Today we report in Nature Biotechnology the design of custom protein-based biosensors that can detect coronavirus-neutralizing antibodies in blood. This research, which builds on prior sensor design technology developed in the Baker lab, was led by Baker lab postdoctoral scholars Jason Zhang, PhD, and Hsien-Wei (Andy) Yeh, PhD.
From Behind the Paper:
[W]e utilized the de novo designed LOCKR (Latching, Orthogonal Cage/Key pRotein) system as a biosensor for measuring SARS-CoV-2 components and antibodies. The two-state LOCKR system is designed to be switchable, thus ideal for use as a biosensor2. LOCKR contains 2 proteins: 1) Cage protein: contains a 5-helical cage domain tethered to and interacting with the 1-helical latch domain, 2): Key protein: contains the 1-helical key domain that also has affinity to the cage domain.

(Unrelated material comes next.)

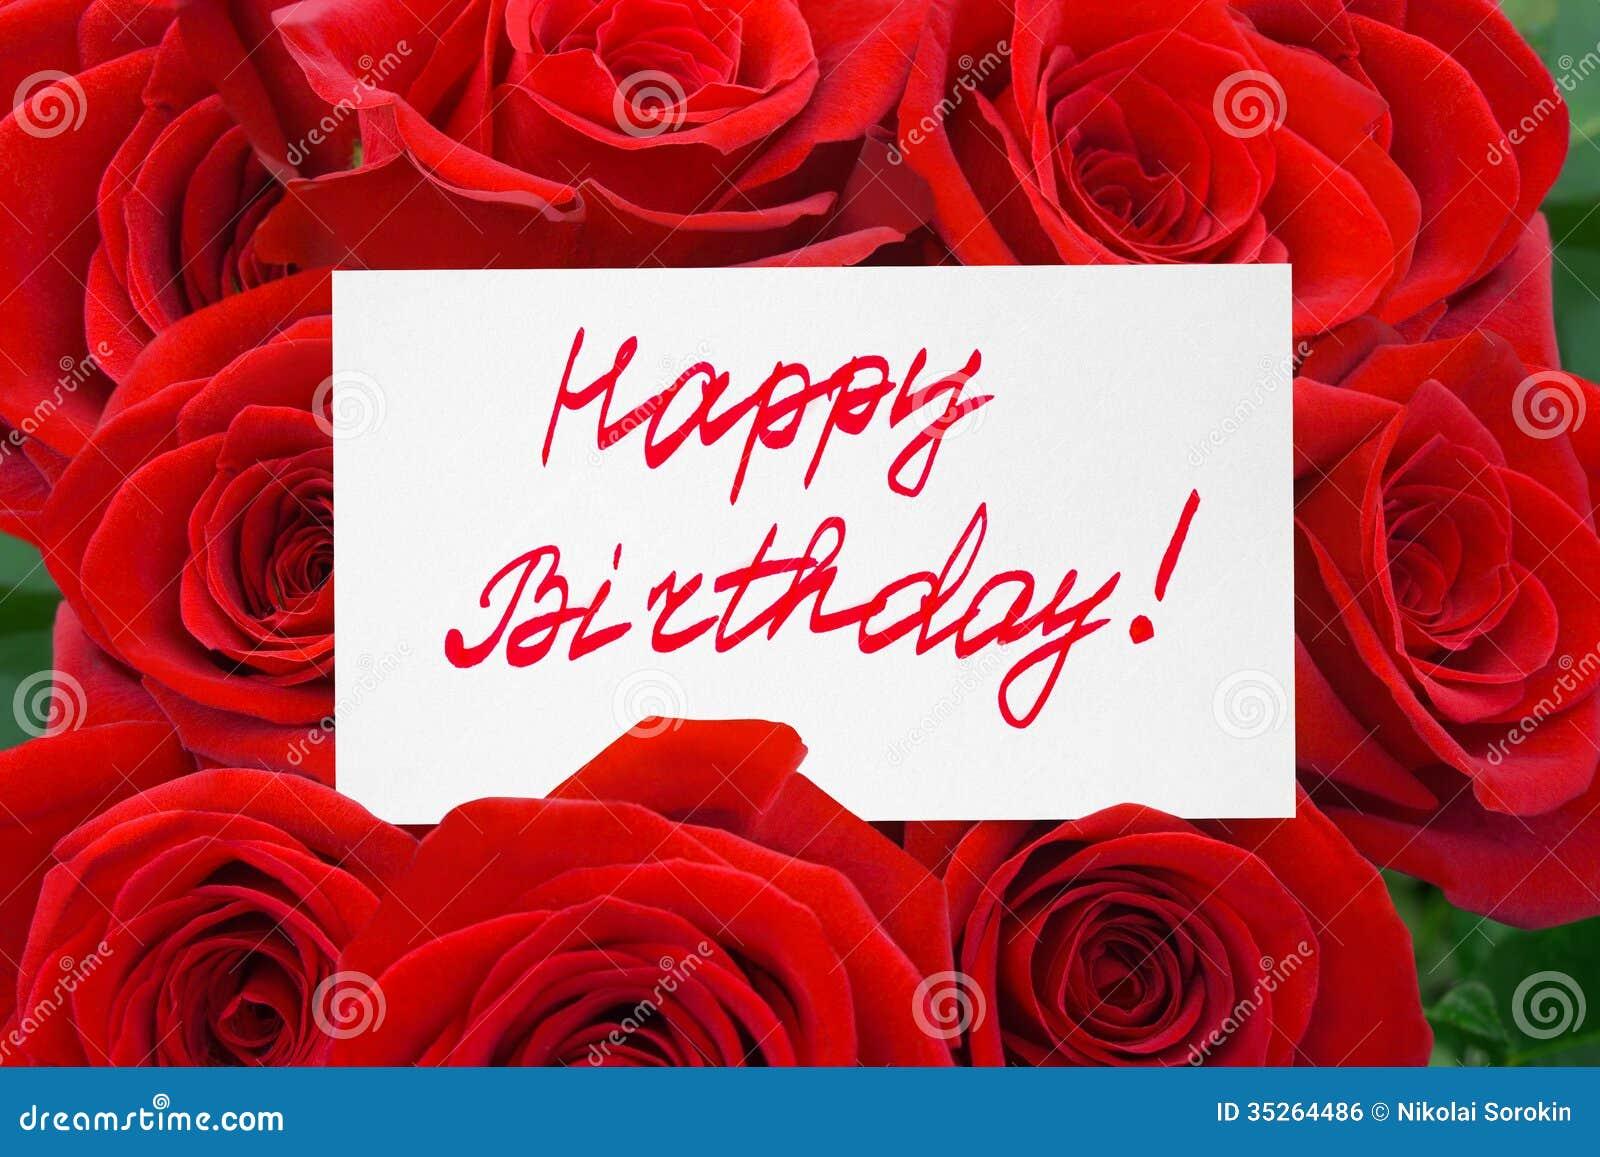 Róże i karciany wszystkiego najlepszego z okazji urodzin

To transform LOCKR into a sensor for SARS-CoV-2 components (specifically the receptor binding domain (RBD) from the spike protein), a de novo designed binder (with picomolar affinity) to RBD called LCB13 was embedded on the end of the latch so that binding of RBD to LCB1 weakens the binding between cage and latch domains, strengthening the binding between cage and key domains, and thus allowing for the 2 LOCKR proteins to associate. To allow for readout of this binding event, split luciferase was added to the LOCKR proteins where the smaller bit was embedded in the latch and the larger portion attached to the end of the key protein. For this RBD sensor, the cage protein is called lucCageRBD and the key protein is called lucKey2. Thus, increased amounts of RBD binding to LCB1 in the cage protein translates to increased bioluminescence from the now reconstituted luciferase.